L'histoire du royaume de Sicile n'est pas l'histoire du royaume de Naples; l'histoire de Naples n'est pas l'histoire de Rome; l'histoire de Rome n'est pas l'histoire de Florence; l'histoire de Florence n'est pas l'histoire de Venise; l'histoire de Venise n'est pas l'histoire de la république de Gênes; l'histoire de la république de Gênes n'est pas l'histoire de la Lombardie; l'histoire de la Lombardie n'est pas l'histoire de la maison de Savoie. Vouloir démêler et recomposer une histoire générale de l'Italie avec ces éléments distincts, opposés, antipathiques, c'est vouloir renouer les tronçons du serpent coupé par le Bas-Empire d'abord, par l'Europe ensuite, par l'Italie elle-même, enfin. Il y a sept ou huit Italies, voilà la vérité historique. Or, mentir à la vérité historique, est-ce faire de la politique italienne? Non, c'est faire de l'illusion piémontaise. Ombre, cela s'évanouira comme une ombre. L'Italie ne sera ressuscitée que par elle-même et sous la forme vraie que deux mille ans, la nature, les mœurs lui donnent, c'est-à-dire sous la forme de CONFÉDÉRATION ITALIQUE.
Un roi du sabre ne réussira pas plus qu'un Mazaniello sans couronne à faire de la diversité de deux mille ans une unité d'un jour.
Tout est obstacle à l'unité monarchique de l'Italie; tout est moyen et prédisposition pour une Italie confédérée.
XIII
Le premier de ces obstacles à une monarchie unique de l'Italie, c'est que l'Italie, quoique monarchique dans quelques-uns de ses États, est républicaine dans son histoire et dans sa renaissance, après les invasions et les reflux des barbares.
Rome, la grande Italie antique, était une république représentative; la liberté et le pouvoir s'y maintenaient en équilibre par la pondération d'un sénat et des comices, d'une aristocratie héréditaire et d'une plèbe.
L'habitude du régime républicain y avait tellement passé dans les mœurs, qu'après les empereurs auteurs de la servitude et de la décadence, l'Italie renaquit partout de ses cendres sous la forme républicaine: république en Sicile, en Calabre, en Campanie, à Naples, république à Rome sous la domination des papes, république à Sienne, république à Lucques, république à Pise, république à Florence, république à Gênes, république à Venise, républiques presque partout.
Ce n'est qu'après l'introduction des troupes mercenaires sous les condottieri étrangers ou indigènes que ces républiques, opprimées par les soldats aux gages de leurs plus ambitieux citoyens, se transforment en petites tyrannies militaires et monastiques, sous les titres de royaume de Naples, de duchés, de comtats, de marquisats.
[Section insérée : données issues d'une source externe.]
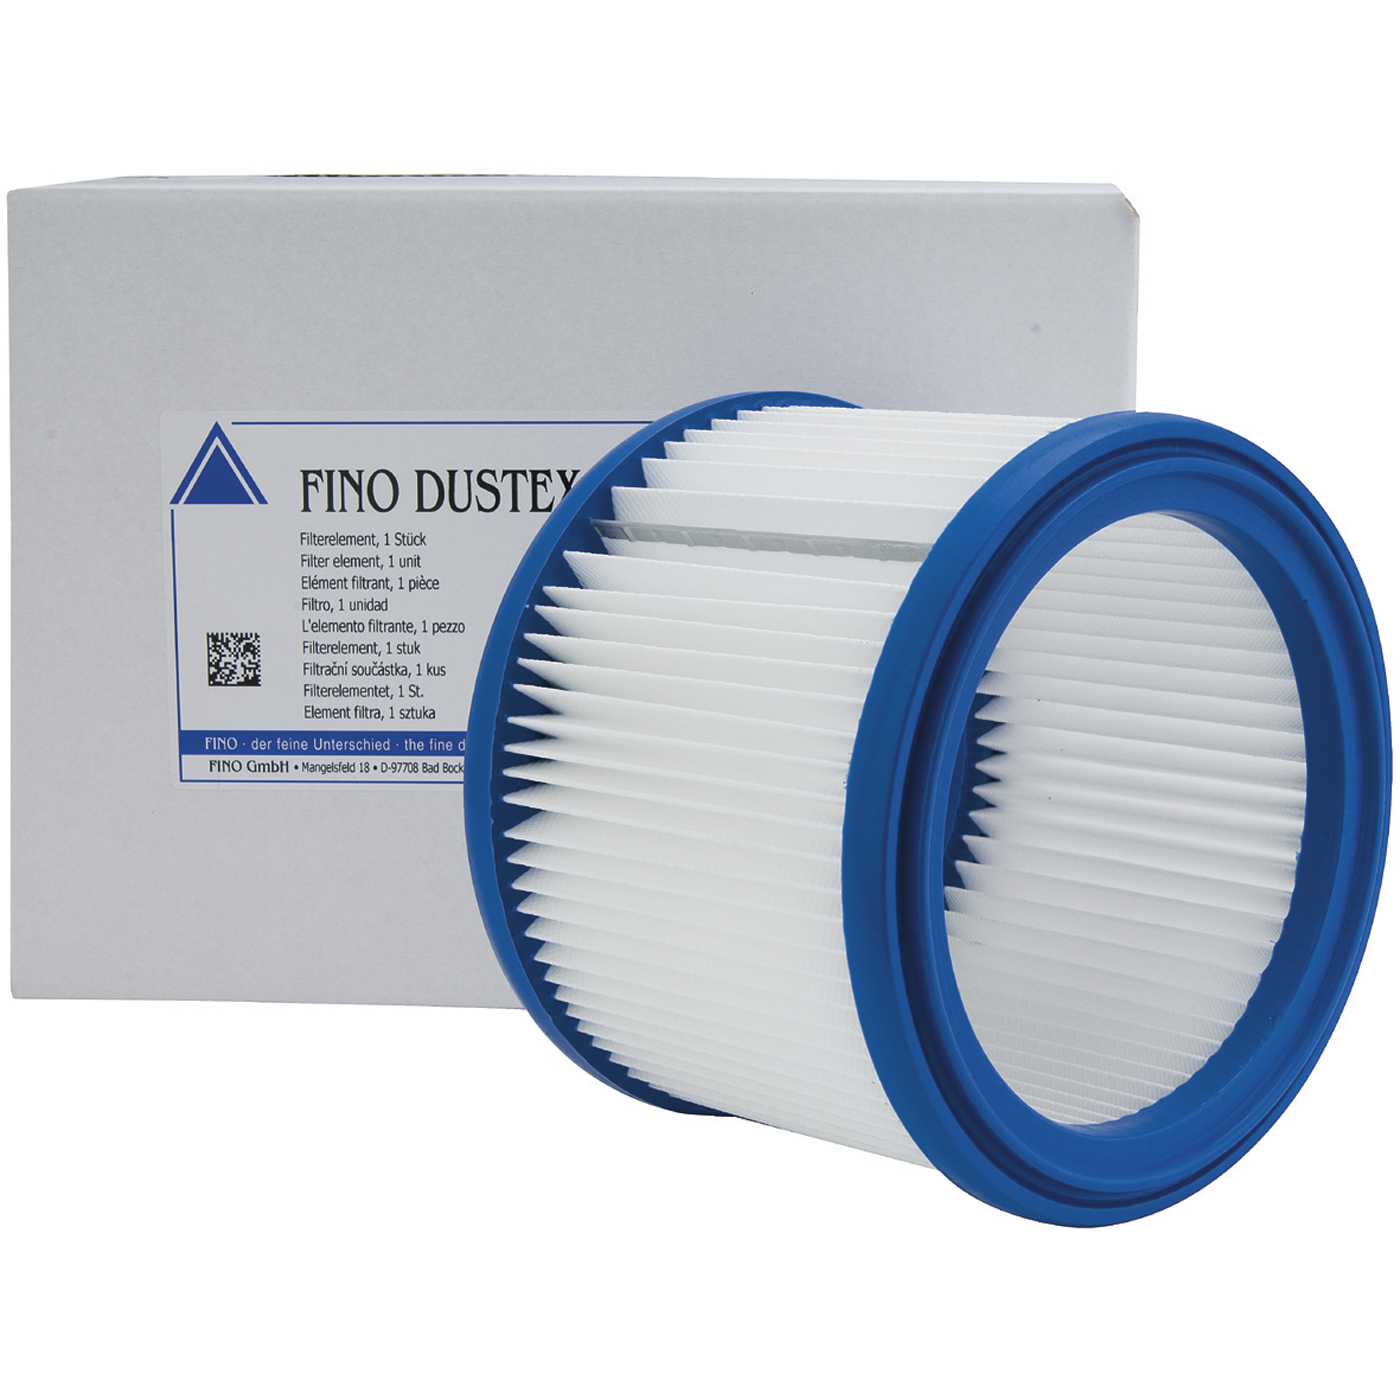 Filter Element, for FINO DUSTEX - 1 piece
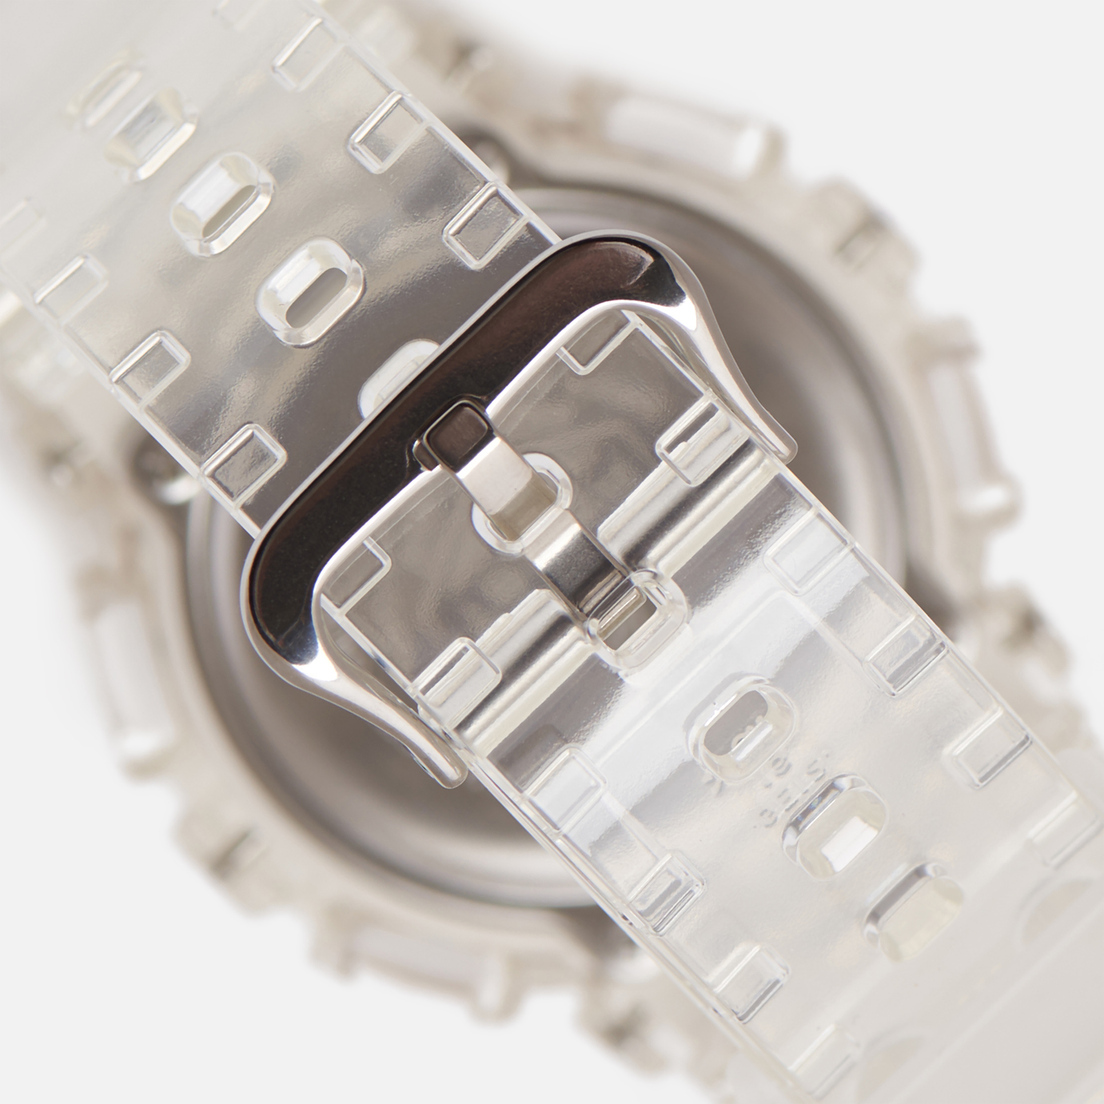 CASIO Наручные часы G-SHOCK GMA-S110SR-7AER S Series

Ailleurs la féodalité militaire, monarchique, descendit des Alpes en Italie avec les ducs de Savoie, les marquis de Montferrat, les Suisses, les Allemands: la tyrannie vient du Nord, où les hommes sont plus braves que libres et éclairés.
Mais encore les grandes républiques, telles que Gênes, Venise, Rome, continuent-elles à subsister sous les doges comme sous les papes, car la papauté au fond n'est qu'une république, puisque le pouvoir temporel y est électif comme le pouvoir spirituel, et que le gouvernement y est représentatif par le sénat des cardinaux.